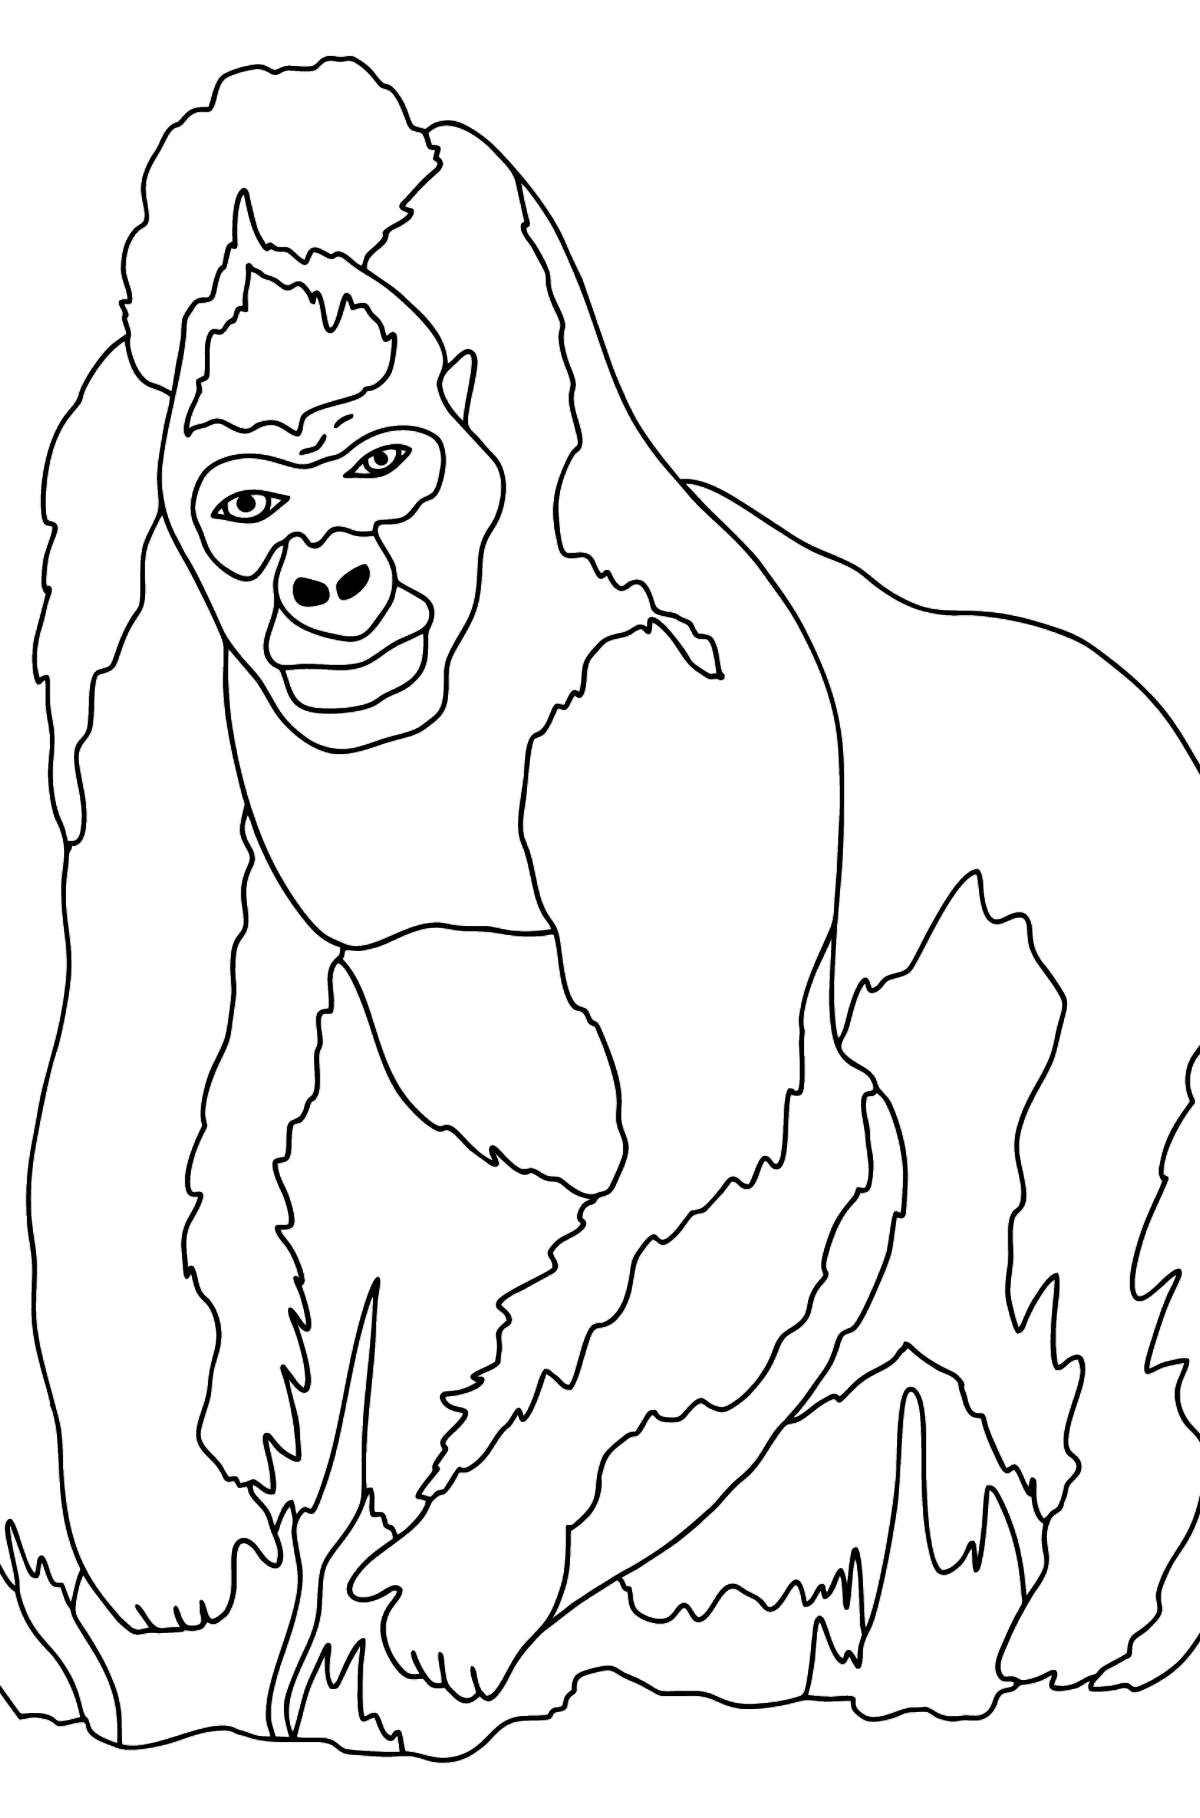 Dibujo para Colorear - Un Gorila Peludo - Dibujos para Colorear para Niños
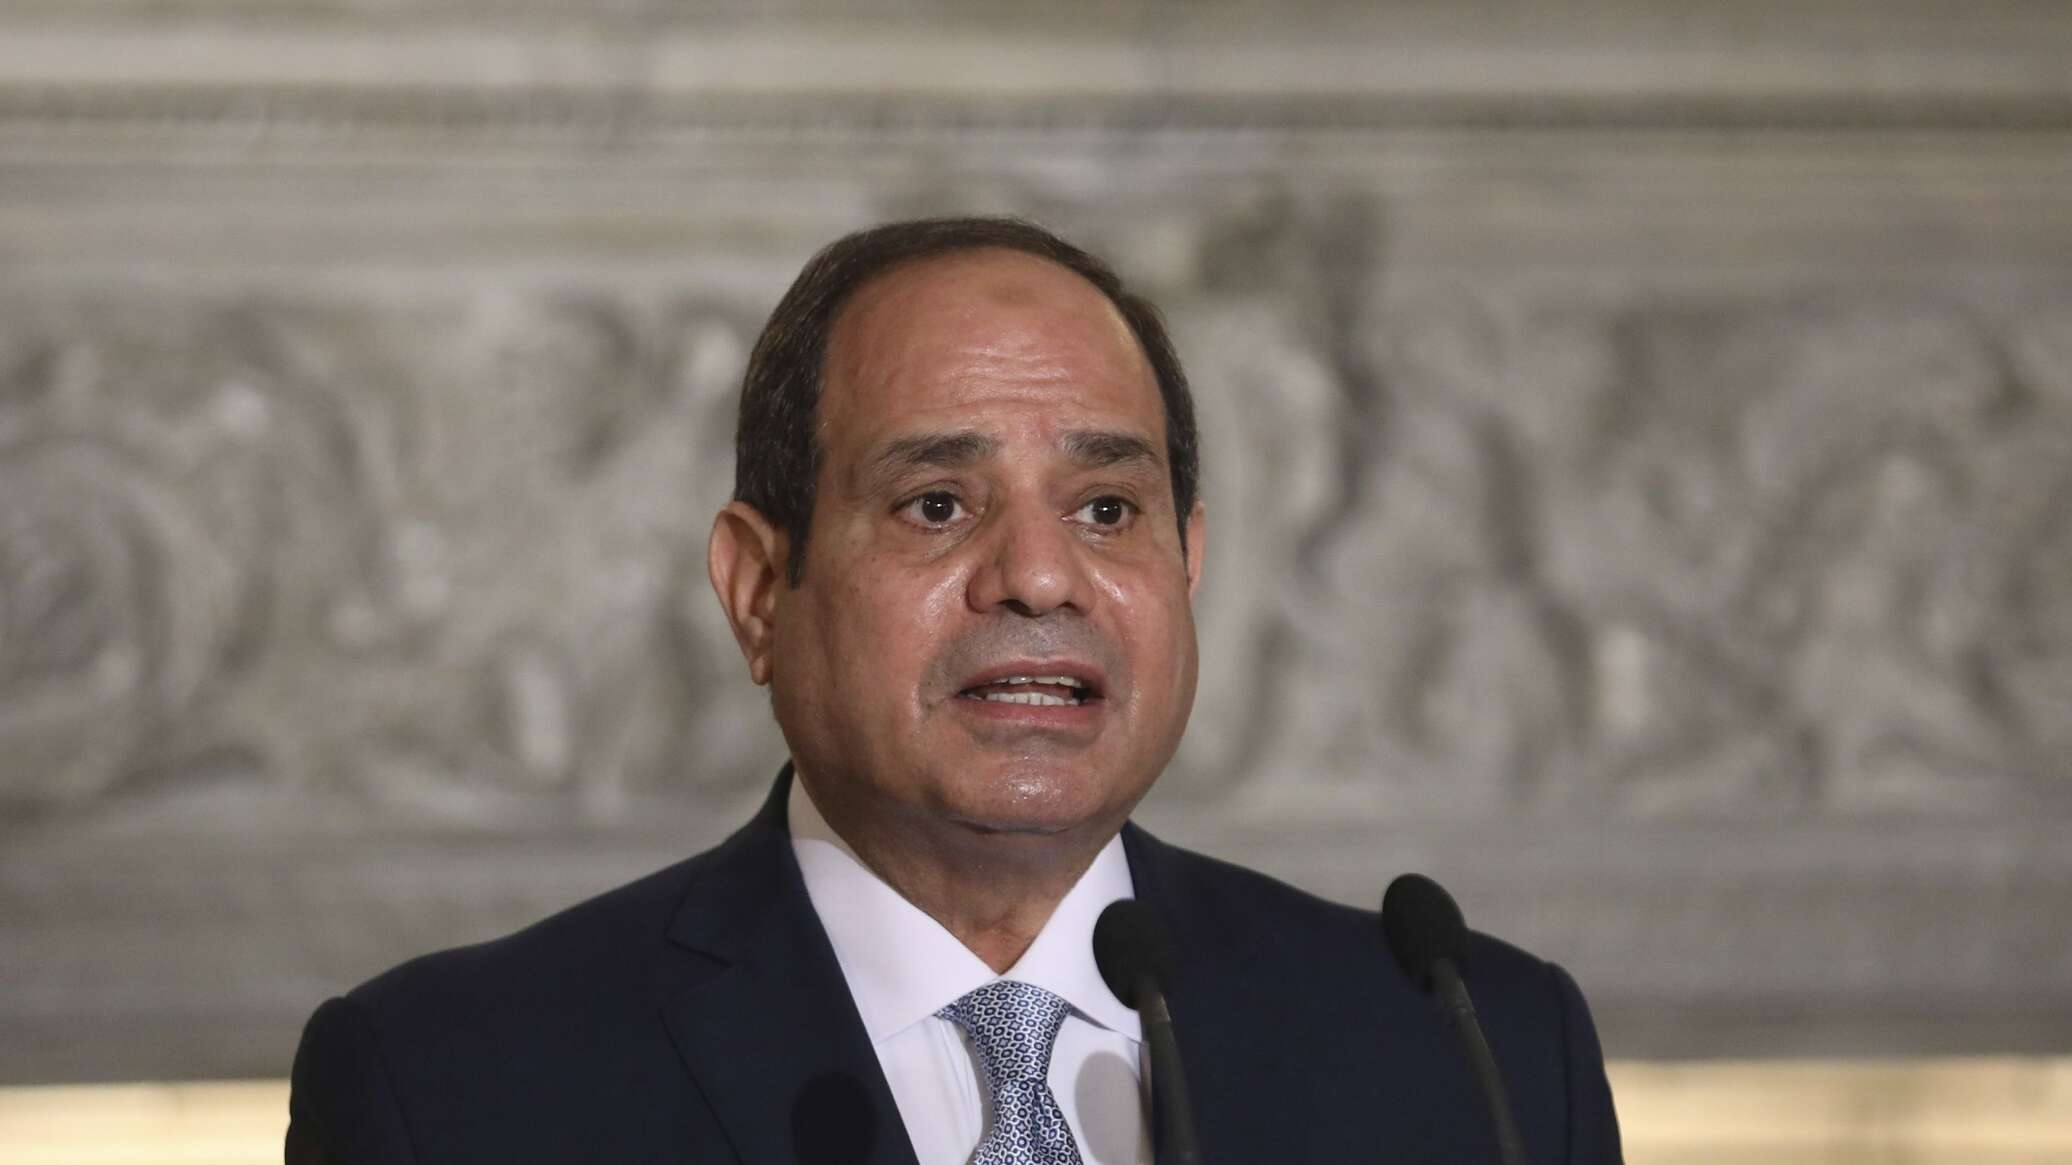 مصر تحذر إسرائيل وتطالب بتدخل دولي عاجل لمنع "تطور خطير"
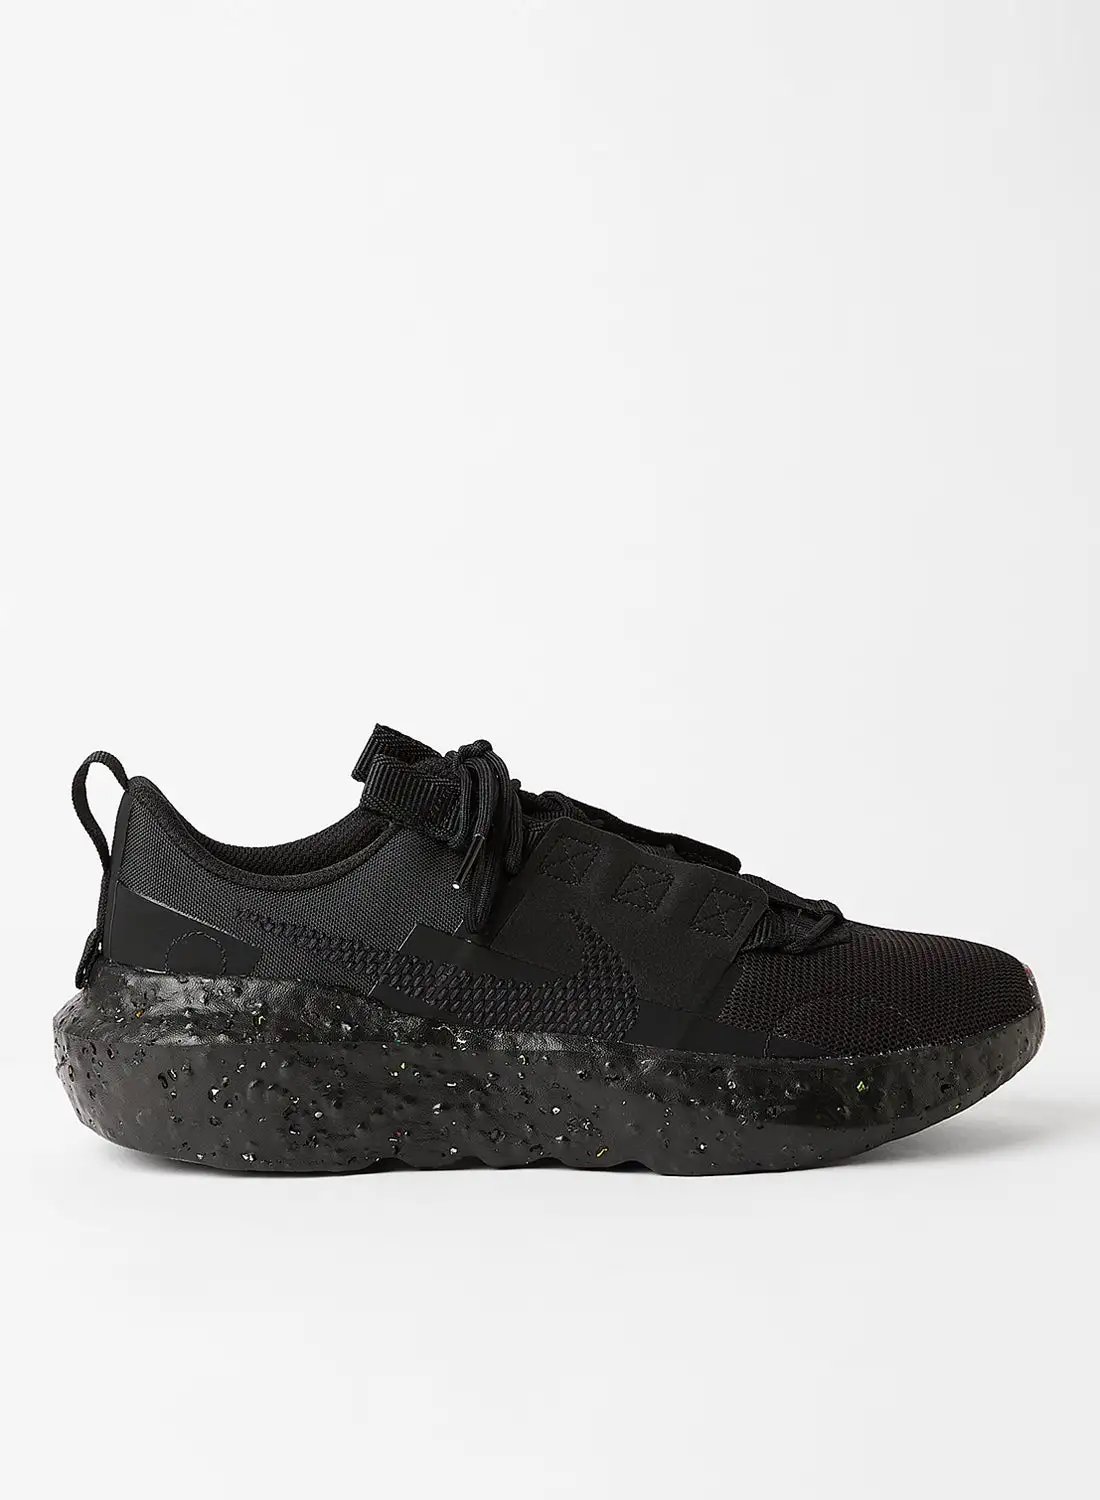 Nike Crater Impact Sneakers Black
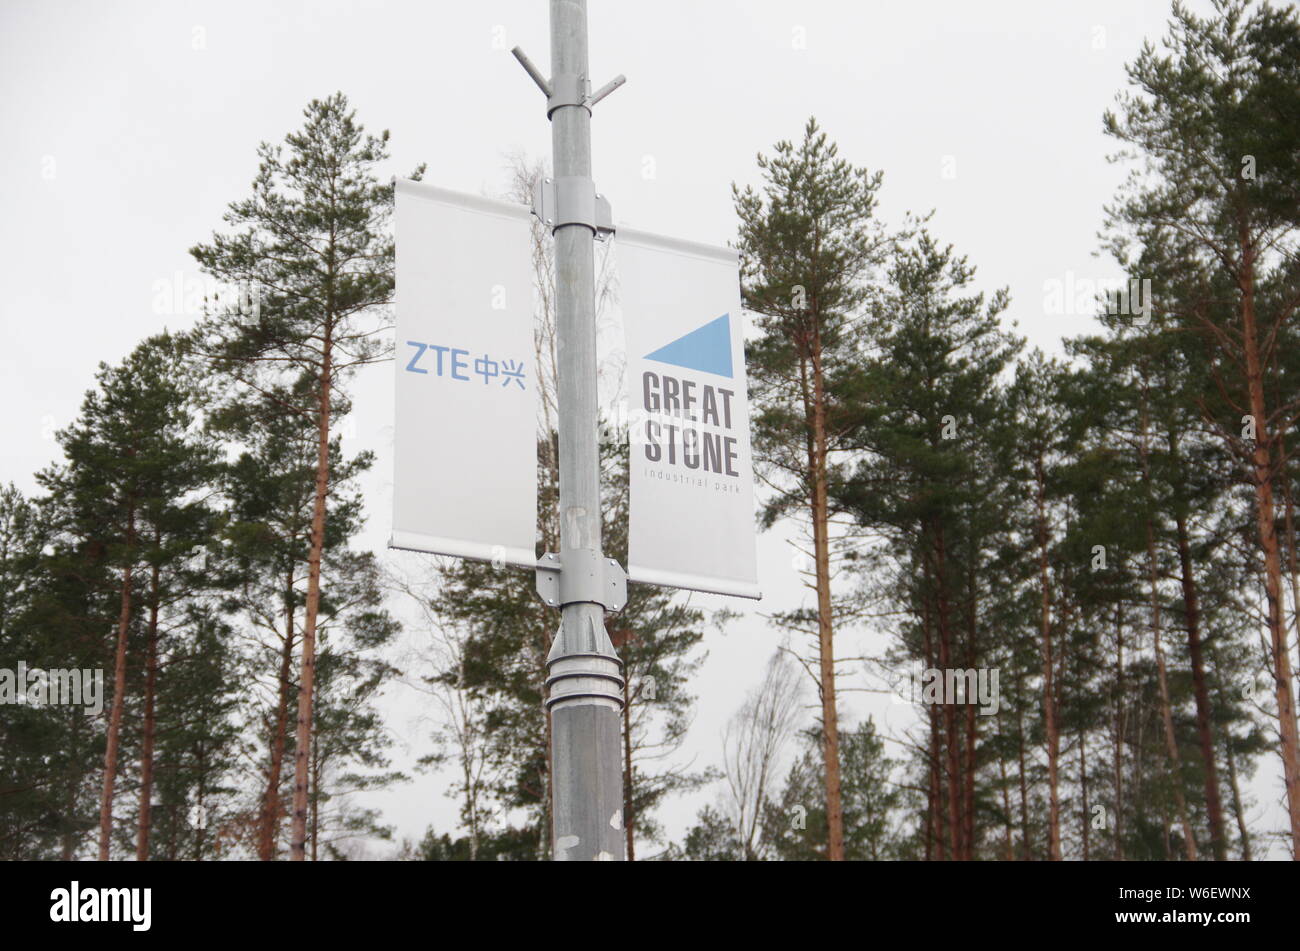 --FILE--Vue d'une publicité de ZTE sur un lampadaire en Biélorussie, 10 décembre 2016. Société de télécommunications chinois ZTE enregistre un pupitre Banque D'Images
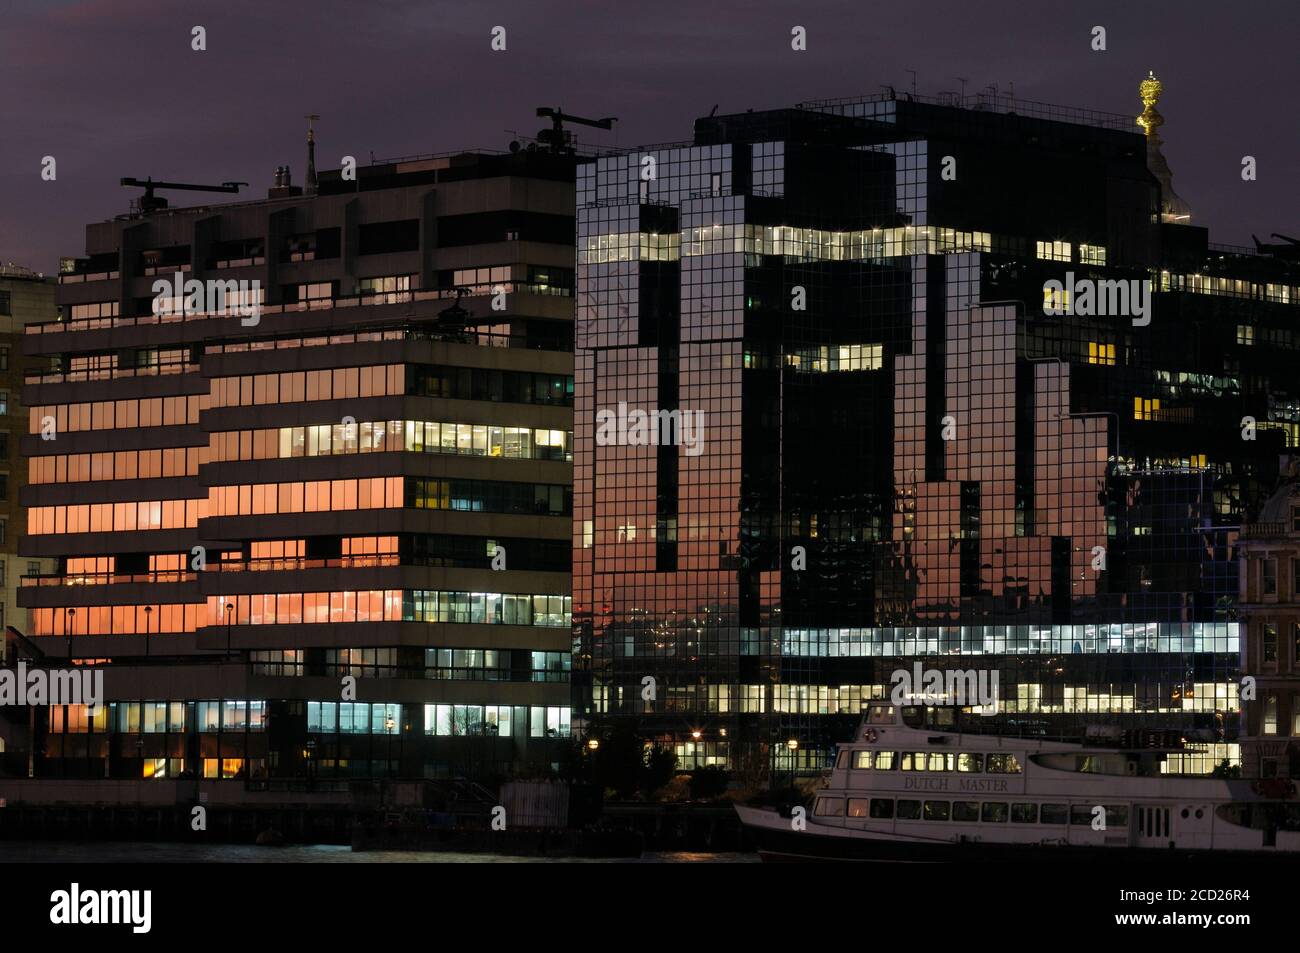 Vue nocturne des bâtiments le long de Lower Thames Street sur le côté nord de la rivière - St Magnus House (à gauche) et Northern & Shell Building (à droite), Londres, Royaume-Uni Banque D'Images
+ + + + +
Work instruction: Your answer must reproduce exactly the lines from the line with "--FILE--Vue d'une publicité" through the end of the material, both ends included, with every picture dropped.

Solution to this problem:
 --FILE--Vue d'une publicité de ZTE sur un lampadaire en Biélorussie, 10 décembre 2016. Société de télécommunications chinois ZTE enregistre un pupitre Banque D'Images
 Vue nocturne des bâtiments le long de Lower Thames Street sur le côté nord de la rivière - St Magnus House (à gauche) et Northern & Shell Building (à droite), Londres, Royaume-Uni Banque D'Images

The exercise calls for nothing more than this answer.